Тени, говорившие так, скрылись во тьме тростников, одна за другой. Стояло лето. Тихо текла река.

— А что лекарь сказал?…

— Что ему говорить? Велел ждать до завтра.

— К чему это?

— К тому, чтобы кто из родни попил питья и узнал, чей тут сглаз. Икота не хвороба, это на нее напустили. Так он велел,

— Ты и пей.

— Это как сказать. Лучше бы Калистро. Он у нас старший. Пускай ему лекарь велит.

— Пускай. Узнаем, чей сглаз, кто сверчка запустил…

— Молчи ты!

— Знаю, знаю. Я и сам так думаю. Из этих кто-то, которые землю под маис выжигают.

Голоса выслеживающих оленя едва шуршали в тростнике, чтобы не спугнуть добычу. То ветер легко вздыхал в кустах, то вода пищала, как цыпленок, у края заводи. Мерно, словно качается гамак, квакали лягушки. Синели горячие тени. 1емнели рваные тучи. Взлетали из-под ног козодои, шлепались где-то на землю и шурша тащились по земле. У этих ночных птиц, кидающихся путникам под ноги, есть крылья, но, когда они упадут и поползут, крылья превращаются в кроличьи уши.

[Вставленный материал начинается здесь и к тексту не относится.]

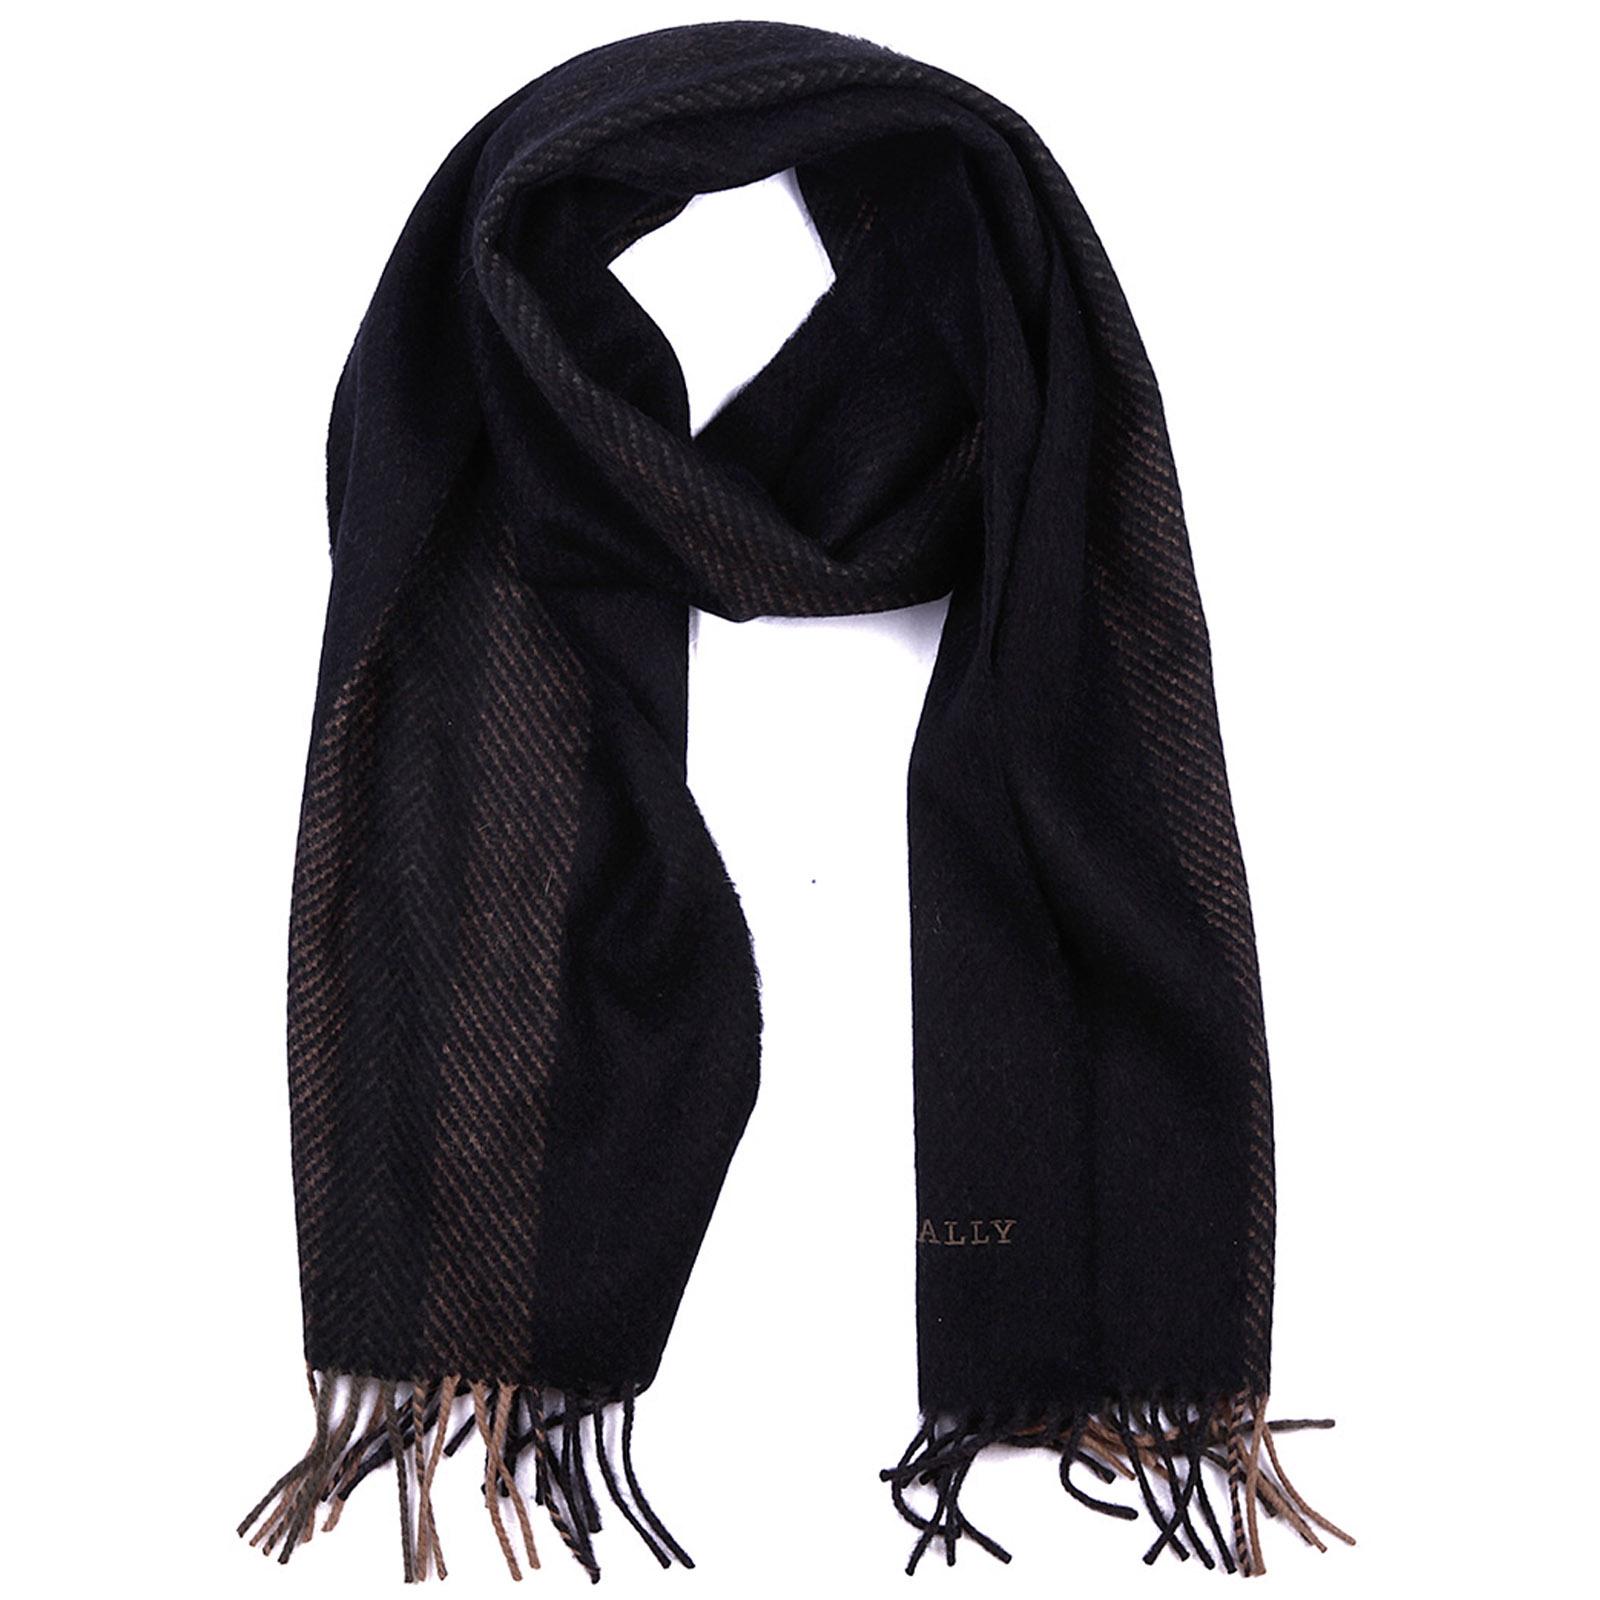 Men's wool scarf multi dark grey jacquard

Получаются ушастые птицы, птицы с ушами желтых кроликов.

— А то пришел бы лекарь сегодня, мы бы и узнали, кто запустил матушке сверчка в живот.

— Это бы хорошо.

— Хочешь, я за ним схожу, а ты скажи братьям, чтобы мы собрались, когда он придет.

— Оленя упустим.

— А ну его к бесу!

Тени разделились, выйдя из тростниковой тьмы. Одна пошла по берегу дальше, оставляя на песке следы босых ног, другая проворнее зайца юркнула в холмы. Вода тихо струилась, и пахло от нее сладким ананасом.

— Разожгите живое дерево, чтобы у ночи был новый огненный хвост, желтый кроличий хвост, прежде чем Калистро отведает напитка и узнает, кто напустил порчу, загнал через пуп сверчка в живот сеньоре Яке.

Так сказал лекарь и когтистыми пальцами пробежал, как по каменной флейте, по глинистым черным губам.

Пятеро братьев пошли искать молодое деревце. Шум борьбы доносился до дома. Сучья не поддавались, но тьма темна, мужчины сильны, и братья вернулись из леса с охапками сломанных, ободранных веток.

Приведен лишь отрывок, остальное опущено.